And when you are done looking at this site for the Scots input on football world-wide, here are two more. 

For those who literally want to trace on the ground the local development of Scots and Scottish football in our own and other countries there is the newly available and ever-expanding site of:

The Scots Football Historians' Group


And on Scottish sports history in general but inevitably including fitba', see Andy Mitchell's inestimable:

Scottish Sport History   




Colombia
There are few countries in South America where the Scots footballing contagion seems to have little effect. Two, Paraguay and Bolivia, are landlocked so not easily accessible by sea-faring Britons. Two others, Peru and Ecuador, even with their coastlines are perhaps also unsurprising. Tucked away on the Pacific coast of South America, before the opening of the Panama Canal in 1914, they were by boat about as far from the British Isles as was then possible. They were also hot and inhospitable countries with for Britons, Scots in particular,  Argentina, Chile, Uruguay and even Brazil being much more attractive. But there is also one more where football is today played at the highest level that was also perhaps climatically less attractive but was and is as easily accessible as, for example, the West Indies, or even Venezuela. That country is Columbia. 

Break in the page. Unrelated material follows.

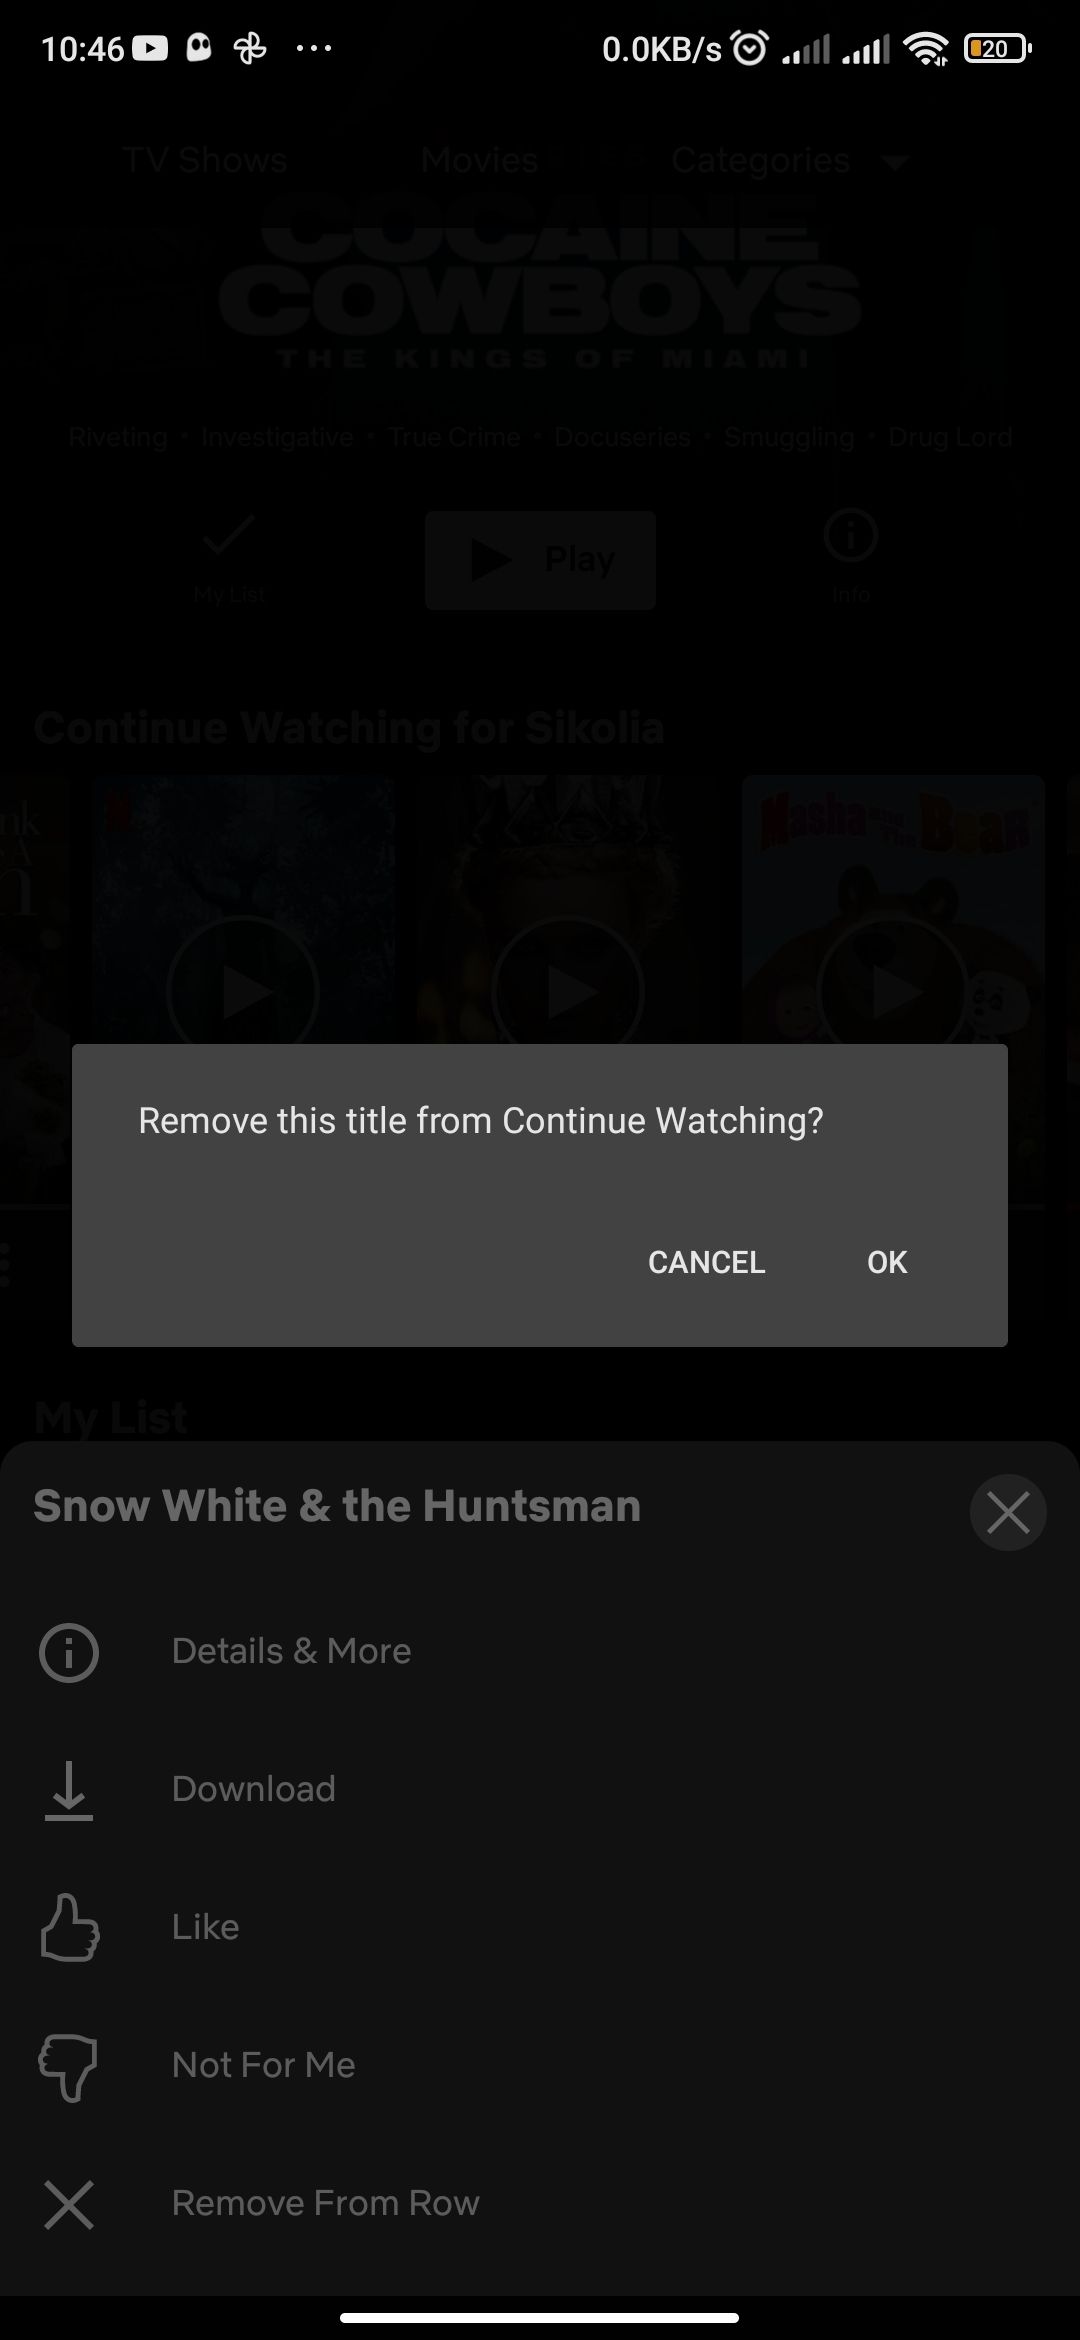 Remove from Continue Watching row confirmation

Unlike Peru and Ecuador Columbia has both Pacific and Caribbean coast-lines and along the latter the Spanish colonial city of Cartagena, the port of Barranquilla and the banana town of Santa Marta were founded early. Yet football came late, two decades and more after countries further south, and the reason seems simple. Unlike even neighbouring Venezuela there were no Scots, at least not at the right time and when they came it was not for long enough.  Although the Fergusons were a prominent merchant family in Barranquilla they had arrived in the 1850s and from Jamaica not directly from the Auld country.  And railways came to Columbia early too but were never extensive. The Magdalena River that reaches the sea at Barranquilla was the highway into the interior. The first, short railway line from Barranquilla to Puerto Colombia, a distance of little more than 15 kilometres was finished by the 1880s before football had taken hold even in Britain. 

There is mention of football being played on the beach in Santa Marta, then more formally again in and around Barranquilla in about 1903-4 and by Britons working on the railway.  There are names, Henry L. H. Hutton, William Mathews, Joseph Clark, J. L. Jamesmith, R. W. Hutton, Harry L. Tyror, Arthur Snowden, George Pycross, Leo Hothersoll, Ed Stapleton and Geo Hughes, a mixture of Scots, English and Welsh. And some would remain in the country, Snowden a Mill Manager in Santa Marta. Hethers(h)all and engineer also from Santa Marta, Harry Tyrer, who was perhaps sixteen at the time,.  

However for most their stay may have been short-lived, a matter of a few repairs after the end of the Thousand Day War, a civil war in theory but one which seems largely to have been engineered by the United States.  Panama was the northernmost province of Columbia. An independent Panama made the building of the canal through it a good deal easier, for America at least. The war end in November. Panama gained its independence in 1903. It was all very neat.

And as for football. In 1908 it arrived in the north of the country once more in Barranquilla, brought by Colombians, notably Arturo de Castro returning from an education in Europe, de Castro in England, and with the foundation of Barranquilla F.C..  And in the south in Pasto in 1909 it was introduced by Leslie Oswald Spain, a London-born importer of Panama hats, who set up a factory in the city, imported kit from Britain and literally got the ball rolling.